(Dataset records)
※ ※ ※

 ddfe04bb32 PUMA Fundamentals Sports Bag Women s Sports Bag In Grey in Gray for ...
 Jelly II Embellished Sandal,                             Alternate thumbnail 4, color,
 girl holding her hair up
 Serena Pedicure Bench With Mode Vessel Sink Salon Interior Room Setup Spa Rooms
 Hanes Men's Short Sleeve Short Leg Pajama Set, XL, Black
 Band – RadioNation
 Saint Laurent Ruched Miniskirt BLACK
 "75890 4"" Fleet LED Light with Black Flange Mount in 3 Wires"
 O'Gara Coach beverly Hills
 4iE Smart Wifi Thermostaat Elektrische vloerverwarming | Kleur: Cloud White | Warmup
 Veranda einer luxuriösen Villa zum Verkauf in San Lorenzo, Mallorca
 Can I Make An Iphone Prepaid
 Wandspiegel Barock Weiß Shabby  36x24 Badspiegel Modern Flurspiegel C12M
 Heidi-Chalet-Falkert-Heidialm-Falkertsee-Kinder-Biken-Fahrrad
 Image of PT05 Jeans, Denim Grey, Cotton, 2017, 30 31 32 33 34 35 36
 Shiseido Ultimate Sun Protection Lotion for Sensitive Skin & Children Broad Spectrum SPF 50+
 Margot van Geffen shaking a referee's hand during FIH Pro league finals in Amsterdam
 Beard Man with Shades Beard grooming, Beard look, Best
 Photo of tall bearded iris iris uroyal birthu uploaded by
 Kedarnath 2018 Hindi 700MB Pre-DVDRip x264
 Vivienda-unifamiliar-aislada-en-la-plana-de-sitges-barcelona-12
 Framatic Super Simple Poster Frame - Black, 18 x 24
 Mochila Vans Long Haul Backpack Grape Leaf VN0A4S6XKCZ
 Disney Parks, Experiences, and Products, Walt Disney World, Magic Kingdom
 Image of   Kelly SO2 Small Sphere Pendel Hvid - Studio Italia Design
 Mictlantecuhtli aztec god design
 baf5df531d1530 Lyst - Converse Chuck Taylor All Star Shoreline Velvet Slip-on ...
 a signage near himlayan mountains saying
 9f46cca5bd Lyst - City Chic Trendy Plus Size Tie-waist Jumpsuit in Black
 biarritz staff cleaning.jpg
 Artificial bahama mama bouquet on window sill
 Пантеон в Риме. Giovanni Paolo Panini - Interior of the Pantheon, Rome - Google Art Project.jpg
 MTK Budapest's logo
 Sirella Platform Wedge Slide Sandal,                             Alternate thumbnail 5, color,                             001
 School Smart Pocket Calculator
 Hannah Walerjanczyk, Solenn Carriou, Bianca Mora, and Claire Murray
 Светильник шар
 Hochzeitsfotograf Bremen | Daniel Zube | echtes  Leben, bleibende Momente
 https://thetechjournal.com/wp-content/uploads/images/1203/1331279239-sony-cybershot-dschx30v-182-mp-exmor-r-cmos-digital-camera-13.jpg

※ ※ ※

> **TASK INSTRUCTIONS**:
Please reproduce, word for word, every line from the line with "School Smart Pocket Calculator" to the final line above, including both ends.

> **RESULT FOR THIS TASK**:
 School Smart Pocket Calculator
 Hannah Walerjanczyk, Solenn Carriou, Bianca Mora, and Claire Murray
 Светильник шар
 Hochzeitsfotograf Bremen | Daniel Zube | echtes  Leben, bleibende Momente
 https://thetechjournal.com/wp-content/uploads/images/1203/1331279239-sony-cybershot-dschx30v-182-mp-exmor-r-cmos-digital-camera-13.jpg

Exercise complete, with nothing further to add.